Non riesco a trattenermi dal pensare all'Elizabeth di sette e sei anni fa, che camminava da sola per queste strade, sperando che un giorno le avrebbe attraversate mano nella mano con Conrad. Un sorriso genuino mi spunta sulle labbra.

"Buonasera! Cosa posso offrirvi?" Ci chiede uno dei tanti ragazzi che lavora qui, affacciato dal suo camioncino.

"Buonasera! Vorremmo due kurtoskalacs semplici e due cioccolate calde, grazie!" Riferisco il nostro ordine andando a recuperare il mio portafogli in borsa.

"Pago io, Lizzy." Mormora Conrad, afferrando il suo cellulare e facendo per avvicinarlo alla cassa per pagare contactless.

"Assolutamente no, sono io la tua guida oggi, e pago io." Gli blocco la mano, non senza qualche resistenza da parte sua, e avvicino la mia carta di credito al cassiere, che ci guarda scuotendo la testa.

"Ah, il giovane amore!" Commenta poi, un sorriso ad aleggiargli sulle labbra.

Una volta pronti i nostri ordini ci allontaniamo un po' dalle bancherelle e dai furgoncini per andare alla ricerca di una panchina dove sederci.

"Avevi proprio ragione, Lizzy. New York in questo periodo dell'anno è magica." Afferma il biondo al mio fianco, una mano attorno alle mie spalle per tenermi vicina a sé.

"Mi fa piacere sapere che siamo sulla stessa lunghezza d'onda, Connie." Gli rispondo non appena adocchio un posticino a sedere che fa proprio al caso nostro.
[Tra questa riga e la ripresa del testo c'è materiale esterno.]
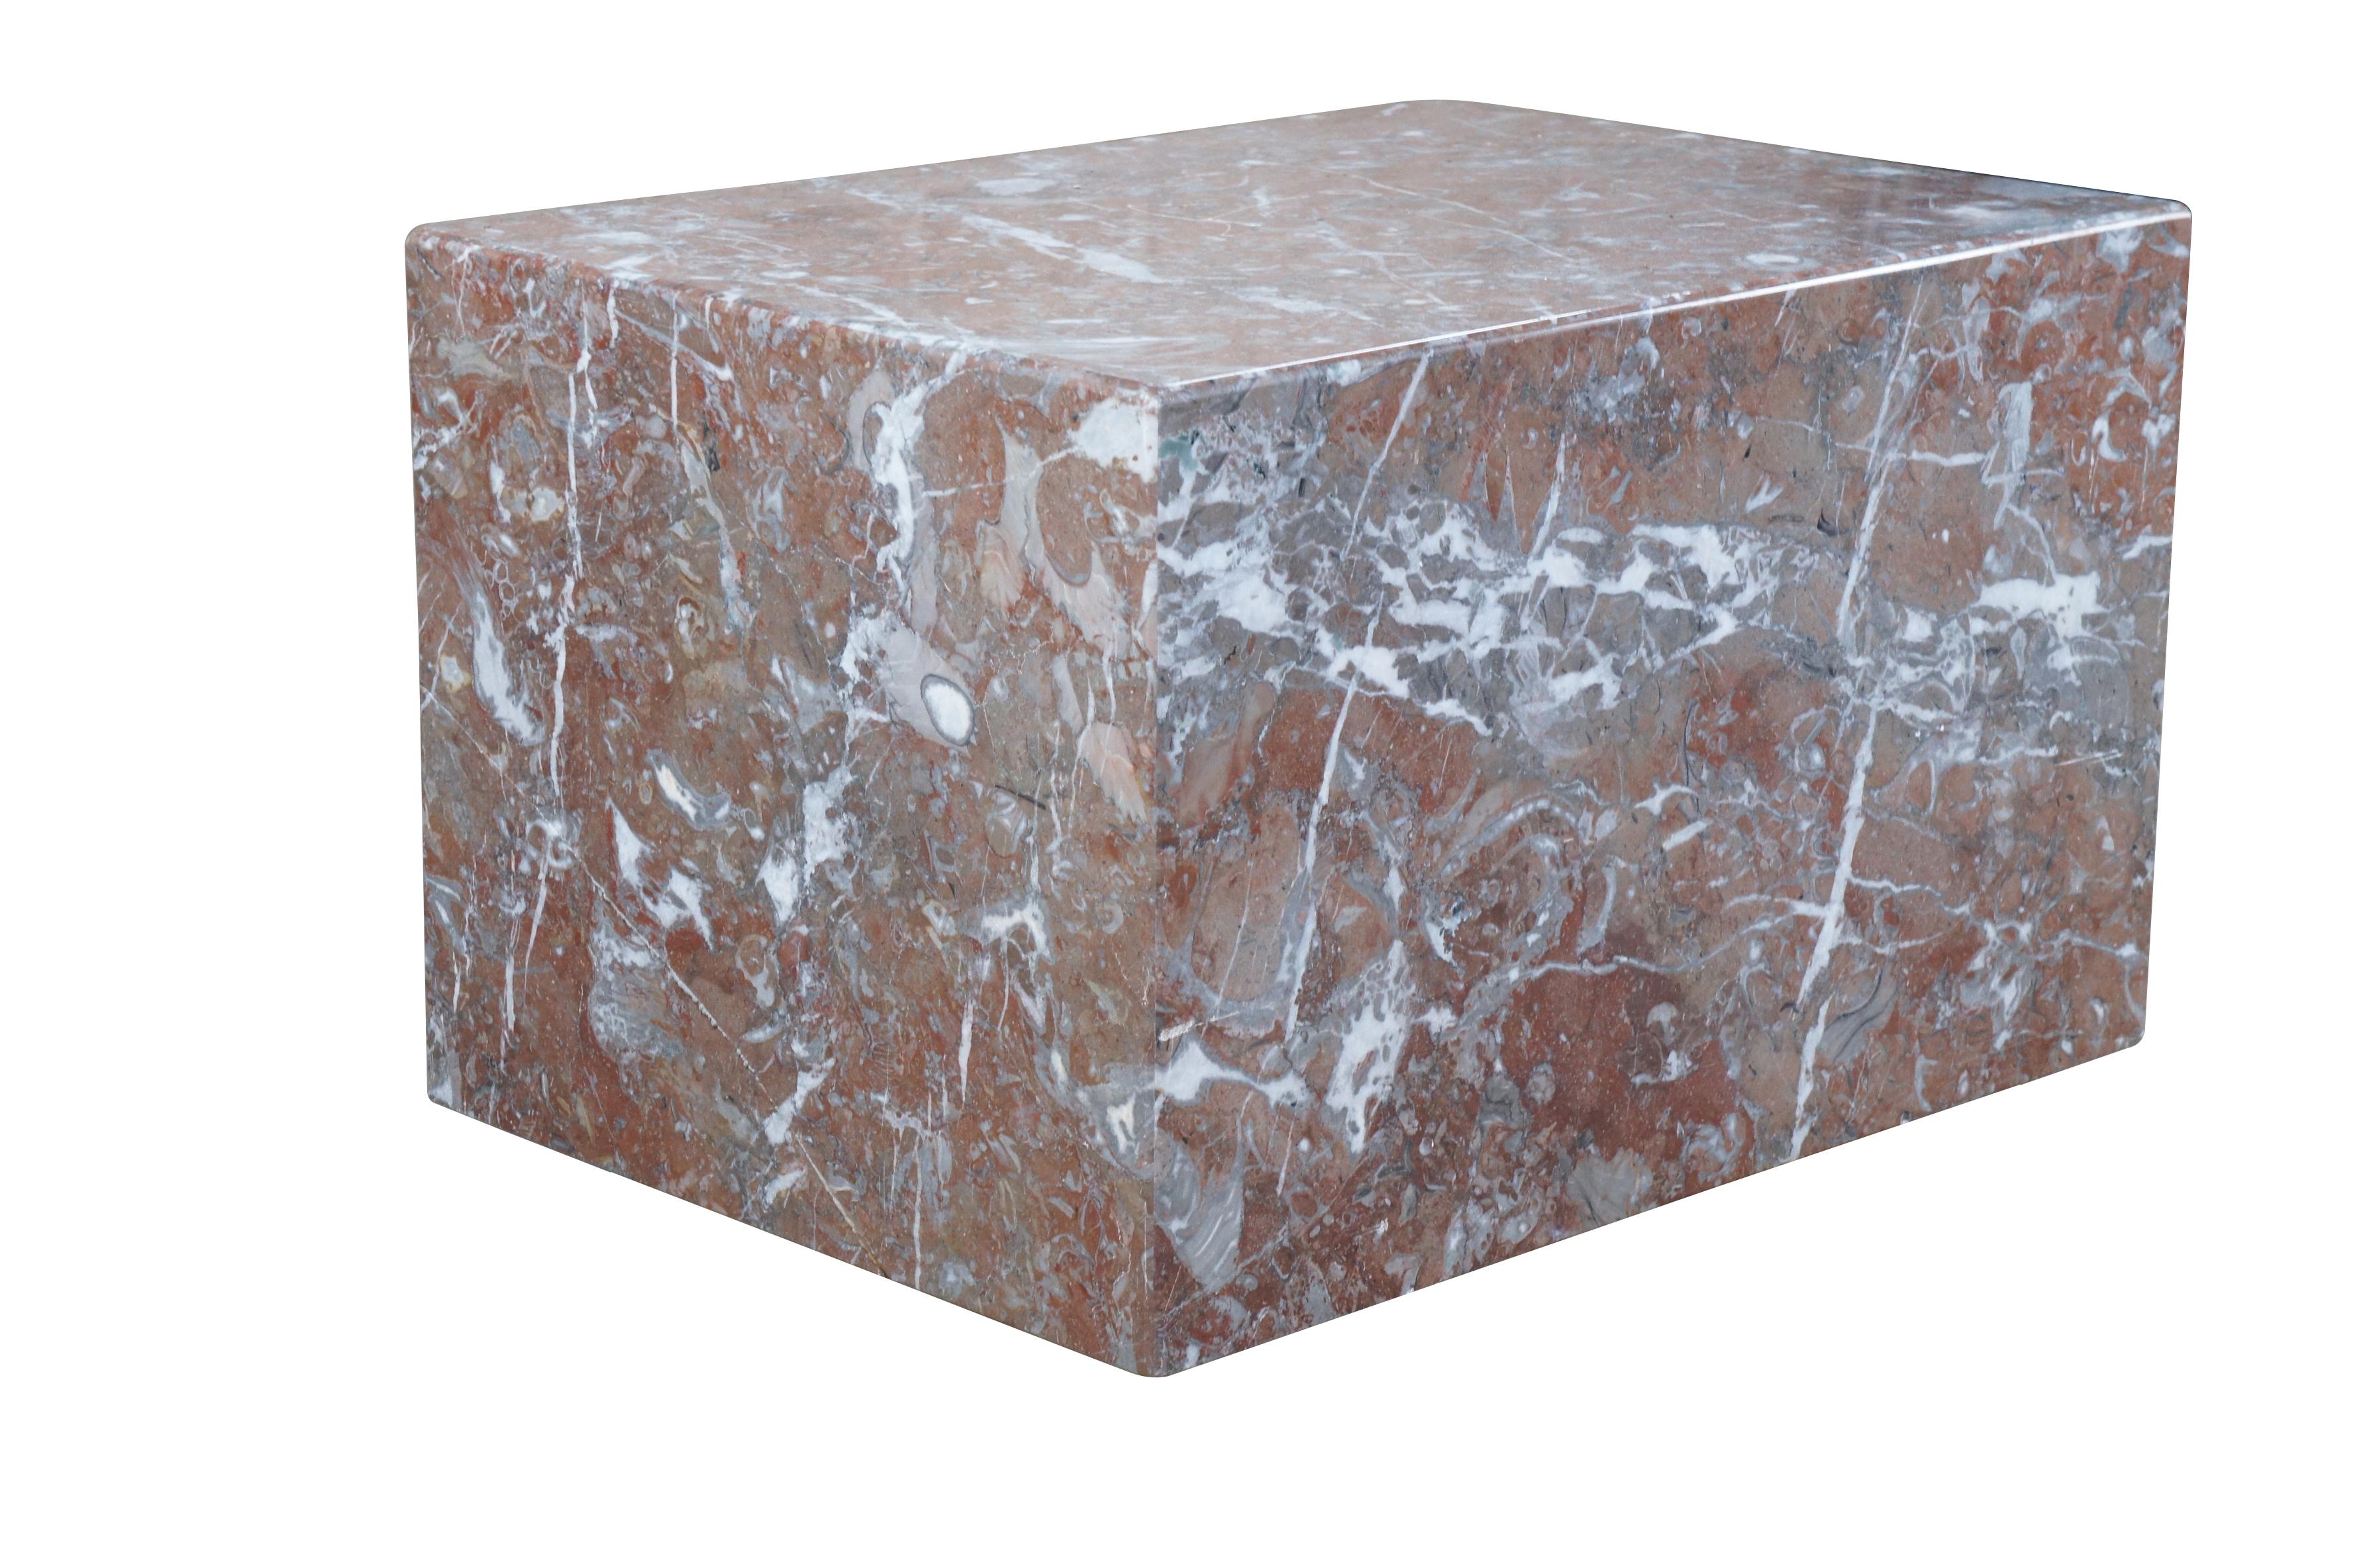 Italian minimalist cube form plinth, circa 1970s. Made from marble with pink and grey color.  The perfect base to display any heavy object, sculpture or statue. Can also be used as an end, side or coffee table.  The plinth is extremely heavy.  2

"Mi chiedo quando non lo siamo mai stati, sulla stessa lunghezza d'onda." Commenta lui, un ghigno sulle labbra.

E' passata una settimana da quando Conrad si è presentato nel mio ufficio, annunciandomi il suo imminente trasferimento ai New York Jets. Nel giro di una ventina di minuti sono diventata il suo avvocato e ho accettato di trasferirmi con lui nell'appartamento che la società gli ha affidato come parte del contratto.

Sono felice? Ritengo che 'felice' non basti come aggettivo per qualificare come mi sento da qualche settimana a questa parte. Un po' meno lo è stata Avery quando le ho raccontato tutto, riferendo a lei e a Daniel che per fine gennaio avrei lasciato l'appartamento che condividiamo da quasi una decade.

"Ah, lo sapevo che prima o poi Conrad ti avrebbe portata via da noi! Speravo solo che avvenisse con un po' più di preavviso!" Si era lamentata, portandosi in modo drammatico una mano al petto e l'altra alla fronte.

Alla fine le avevo promesso che l'avrei portata a fare un tour della nuova casa, così da rivedere anche lei Conrad e assicurarsi che non andassi ad abitare in un buco (parole sue). Tanto che oggi, dopo il nostro appuntamento tra le strade di New York, Conrad mi porterà al complesso dove abiteremo entro un mese.